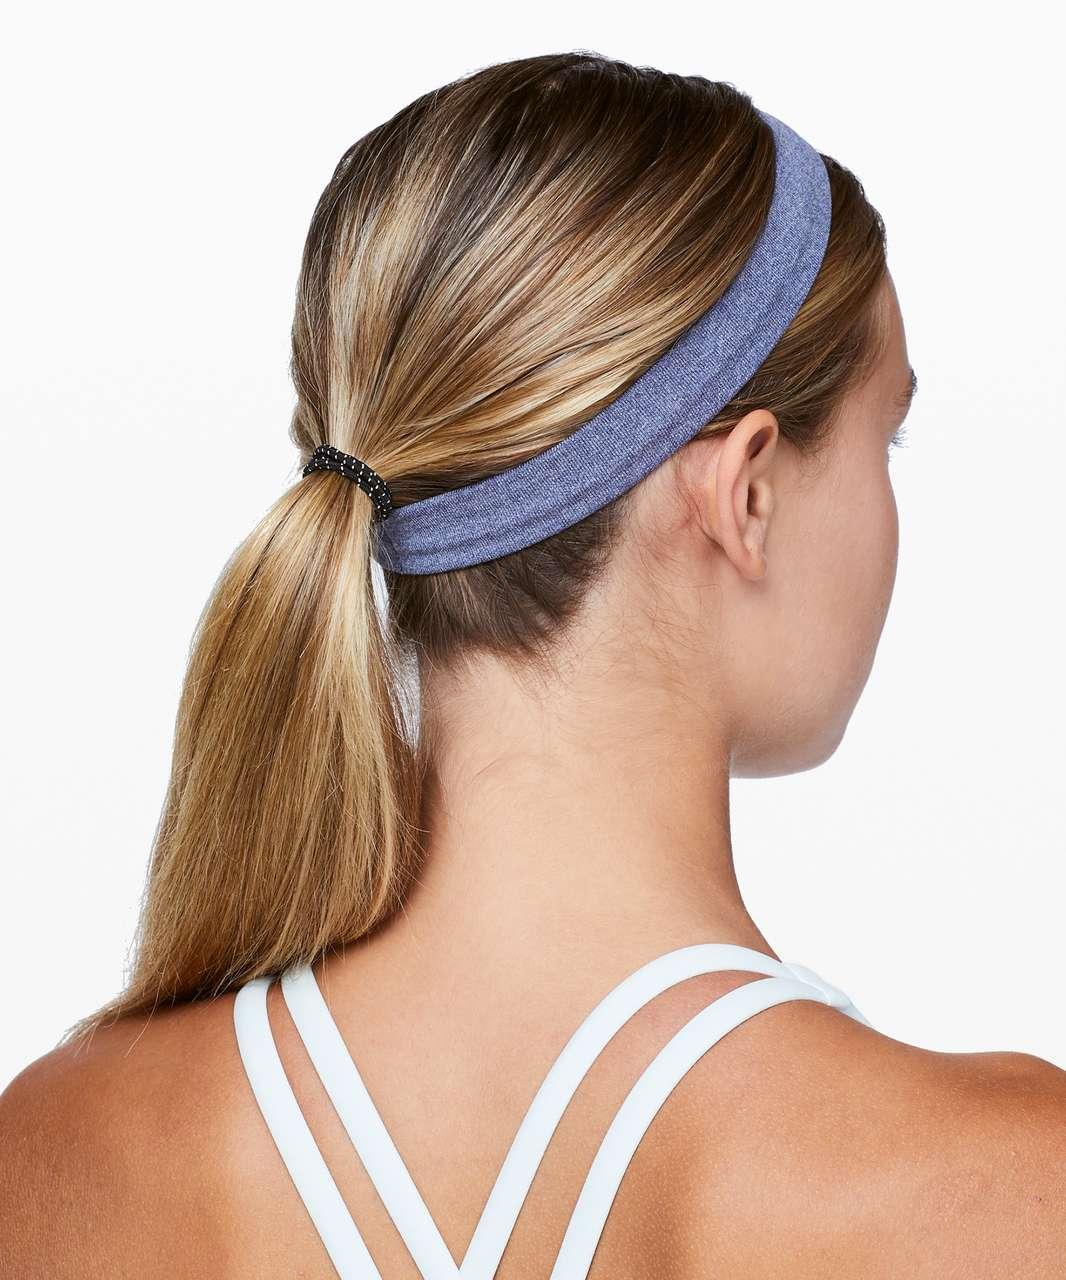 Lululemon Cardio Cross Trainer Headband - Deep Navy / White
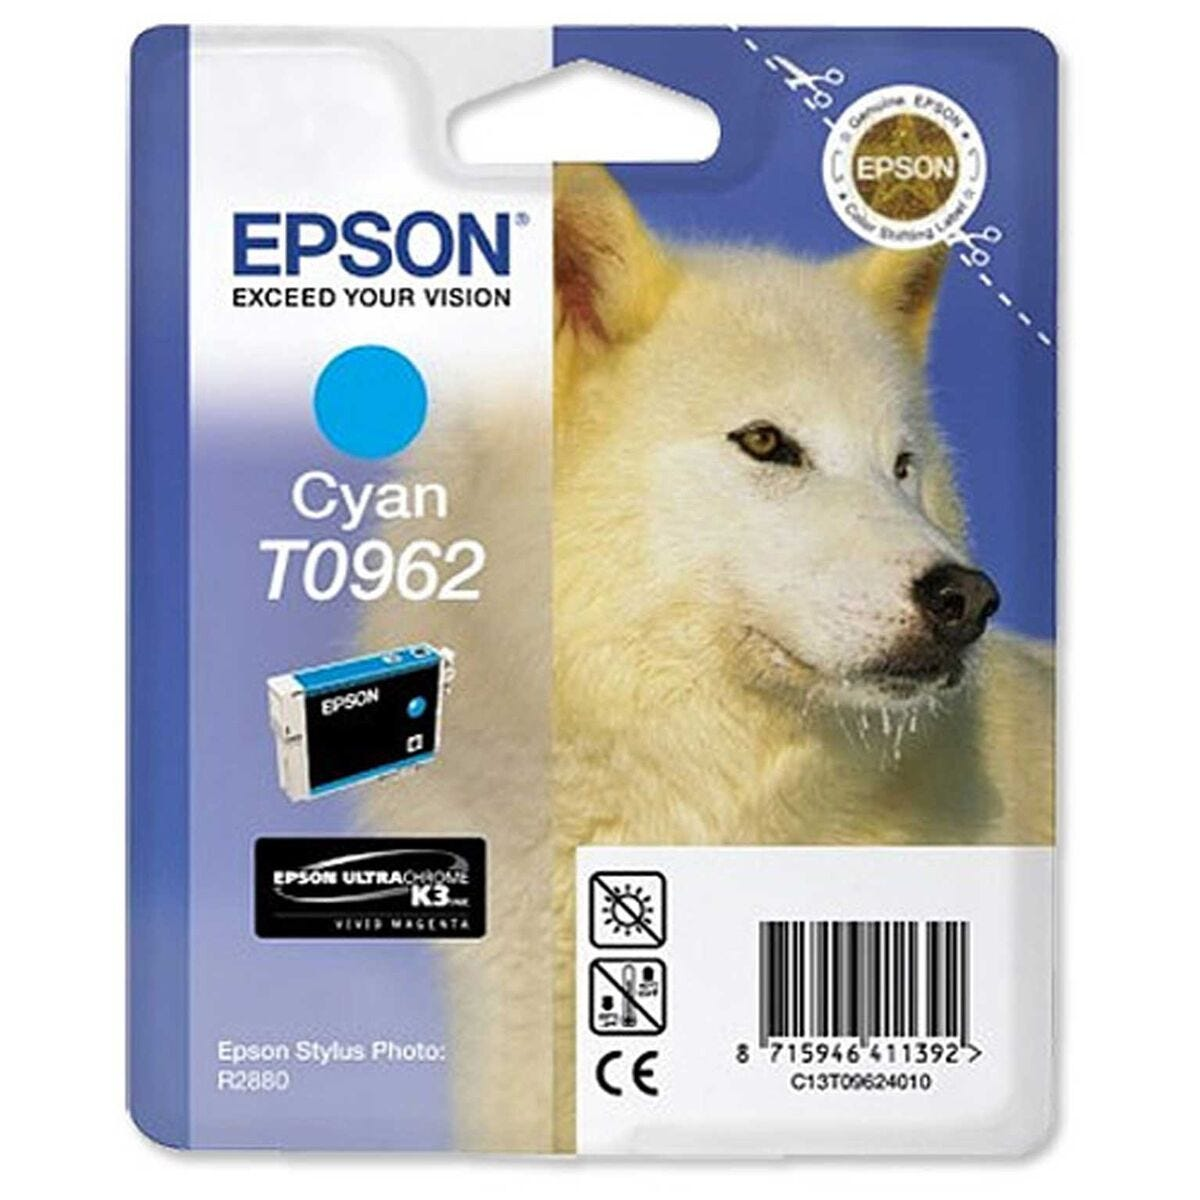 Epson T096 Stylus Cartridge
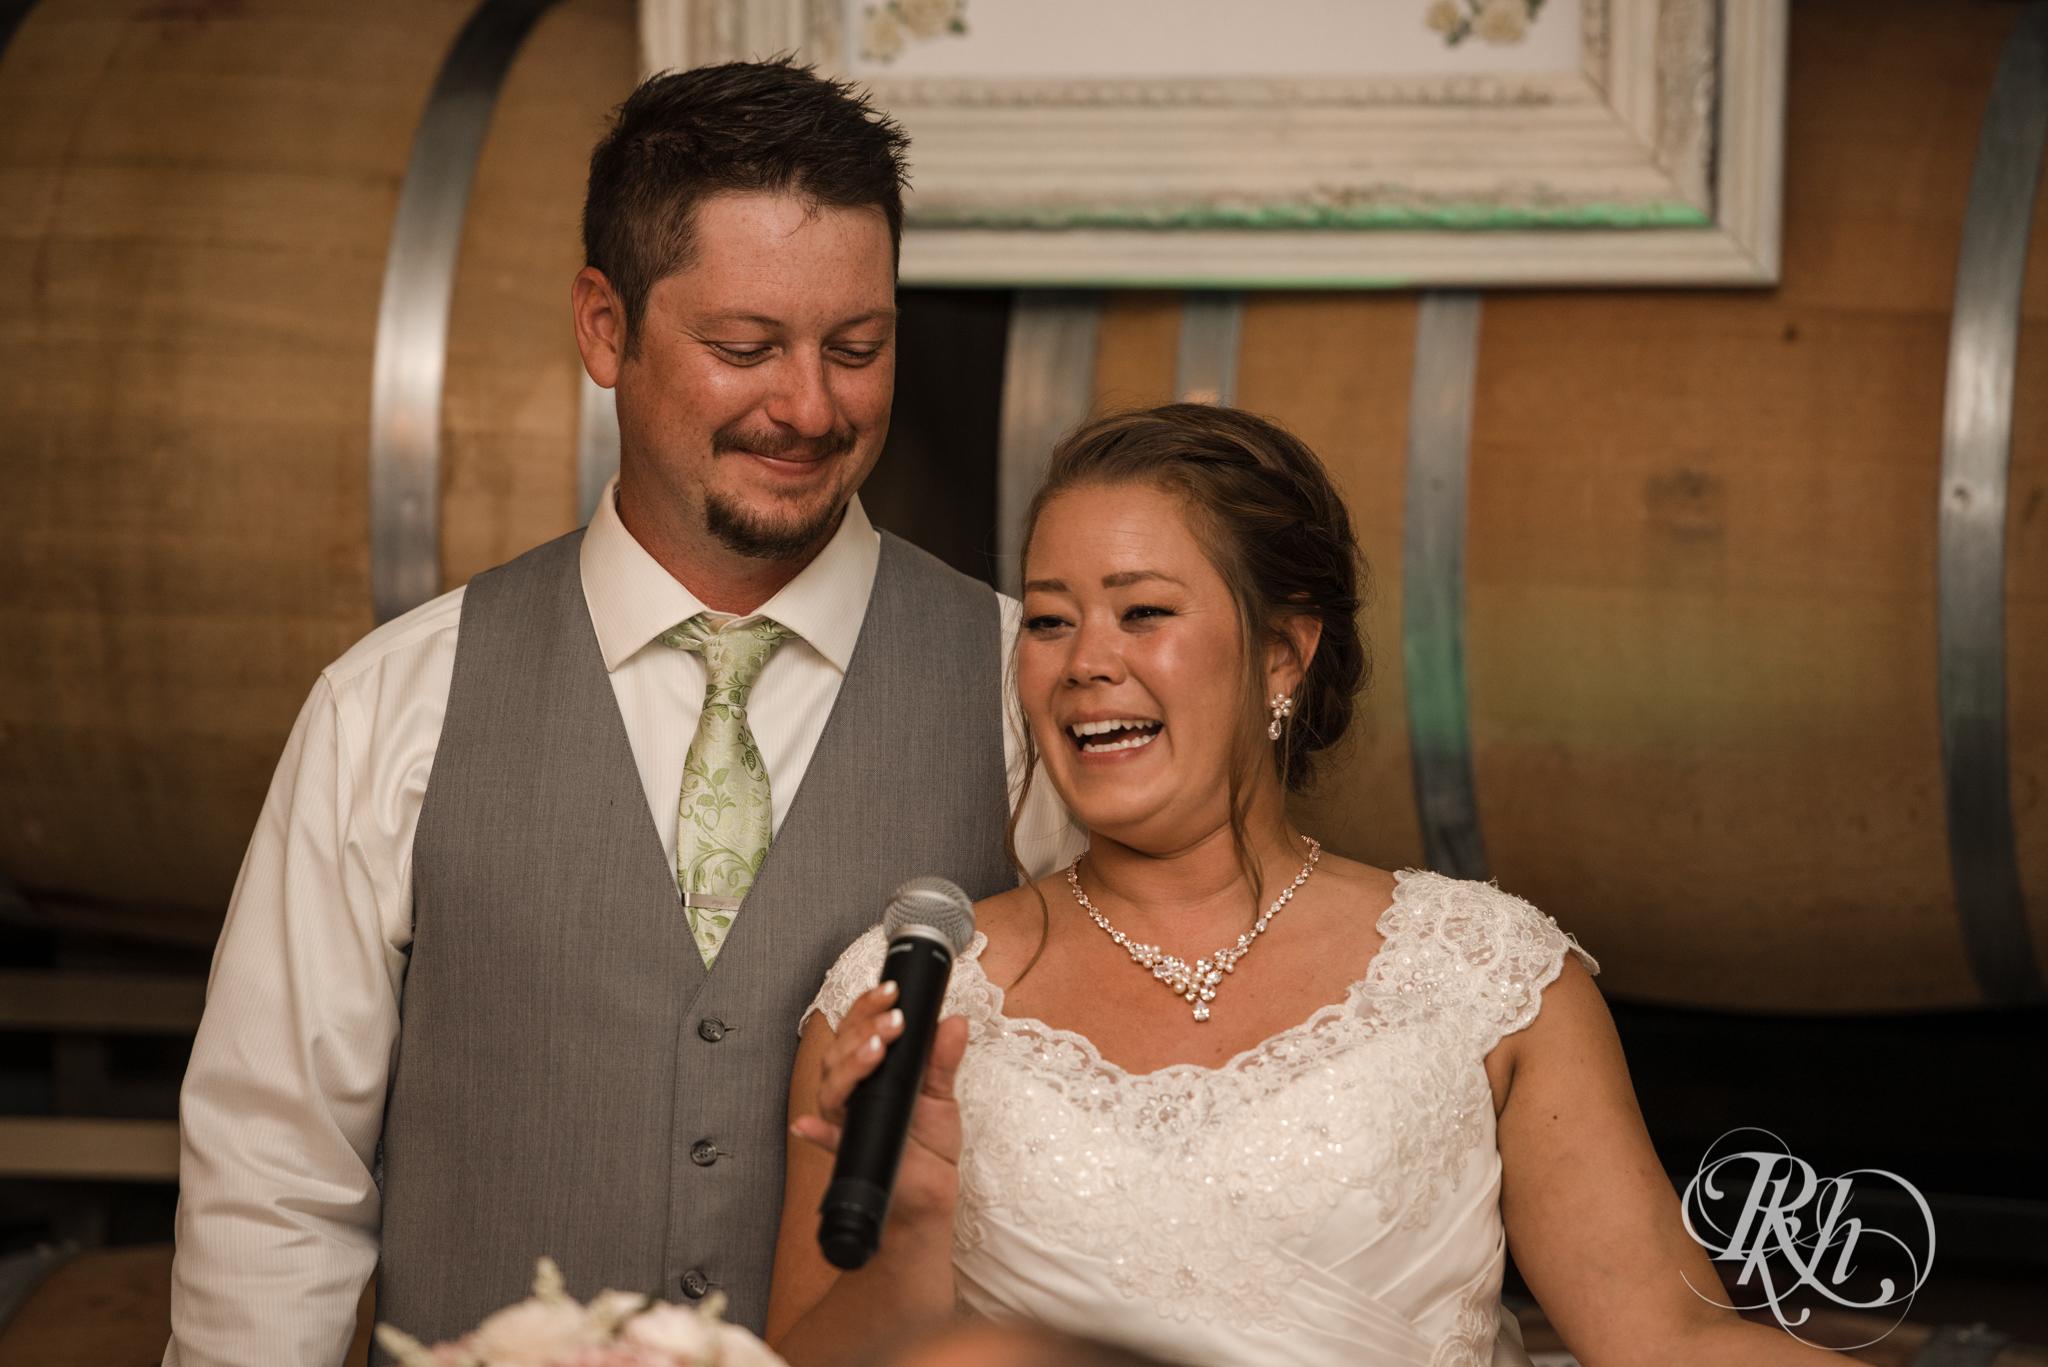 Ally & Nick - Minnesota Wedding Photography - Next Chapter Winery - RKH Images - Blog (36 of 57).jpg

▶ _What to produce_: I'd like the material repeated word for word, without the pictures it holds.

▶ _Result of this exercise_:
 Lululemon Cardio Cross Trainer Headband - Deep Navy / White
 Epson T096 Stylus Cartridge
 Ally & Nick - Minnesota Wedding Photography - Next Chapter Winery - RKH Images - Blog (36 of 57).jpg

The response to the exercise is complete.